Presents general concepts of dynamical systems modeling and provides mathematical tools to develop and analyze models that describe input/output behaviors of physical systems. Topics include basic elements of mechanical systems, transfer functions, frequency response, stability and poles, resonance and natural frequency, transient and time constant, steady state and DC gain, block diagrams. Prerequisites: MAE 2320 and APMA 2130

Kinematic and kinetic aspects of motion modeling applied to rigid bodies and mechanisms. Focus on free-body-analysis. Use of work-energy and impulse-momentum motion prediction methods. Use of Cartesian and simple non-Cartesian coordinate systems. Rotational motion, angular momentum, and rotational kinetic-energy modeling; body mass rotational moment of inertia. Relative-velocity and acceleration. Prerequisite: MAE 2300 or CE 2300

Includes the formulation of the first and second laws of thermodynamics; energy conservation; concepts of equilibrium, temperature, energy, and entropy; equations of state; processes involving energy transfer as work and heat; reversibility and irreversibility; closed and open systems; and cyclic processes. Prerequisite: APMA 1110 or MATH 1320

Analyzes the design of elements under combined stresses; bending and torsional stresses in thin-walled beams; energy and other methods applied to statically determinate and indeterminate aerospace structural elements; buckling of simple structural members; and matrix and finite element analysis. Prerequisite: MAE 2310 or CE 2310.
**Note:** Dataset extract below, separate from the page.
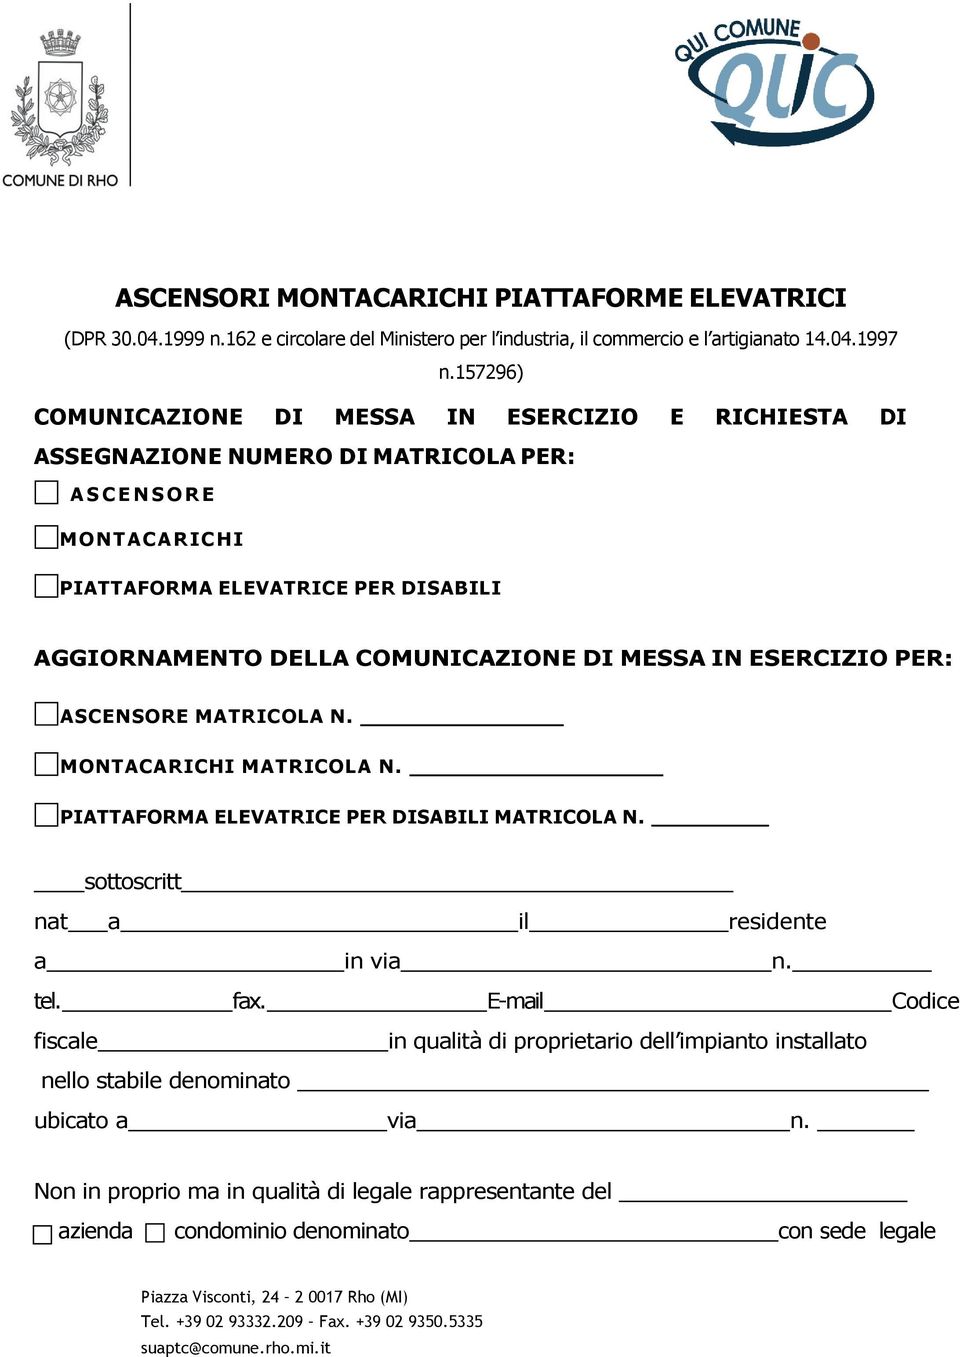 COMUNICAZIONE DI MESSA IN ESERCIZIO PER: ASCENSORE MATRICOLA N. MONT AC ARI C H I MAT RI C OL A N. PIATTAFORMA ELEVATRICE PER DISABILI MATRICOLA N. sottoscritt nat a il residente a in via n. tel. fax.

Analysis of steady state and transient heat conduction in solids with elementary analytical and numerical solution techniques; fundamentals of radiation heat transfer, including exchange among black and diffuse gray surfaces; free and forced convective heat transfer with applications of boundary layer theory and an introduction to mass transfer by diffusion using the heat-mass transfer analogy. Prerequisite: MAE 2100 and MAE 3210.

Discussion of the Keplerian two-body problem; elliptic, parabolic, and hyperbolic orbits; solution of Kepler's equation and analogs; the classical orbital elements; orbit determination; prediction of future position and velocity; orbital perturbations; Lambert's problem. Prerequisites: MAE 2320.

Introduces physical-chemical/microstructural and working mechanical properties, along with practical applications, for materials of wide interest on aerospace materials. Includes common metal, polymer, ceramic, and composite materials. Topics include standard materials names/designations; standard forming methods; usual strengthening means; temperature and temperature-history effects. Prerequisite CHEM 1410 or 1610 or CHEM 1810: Corequisite MAE 2310 or CE 2310.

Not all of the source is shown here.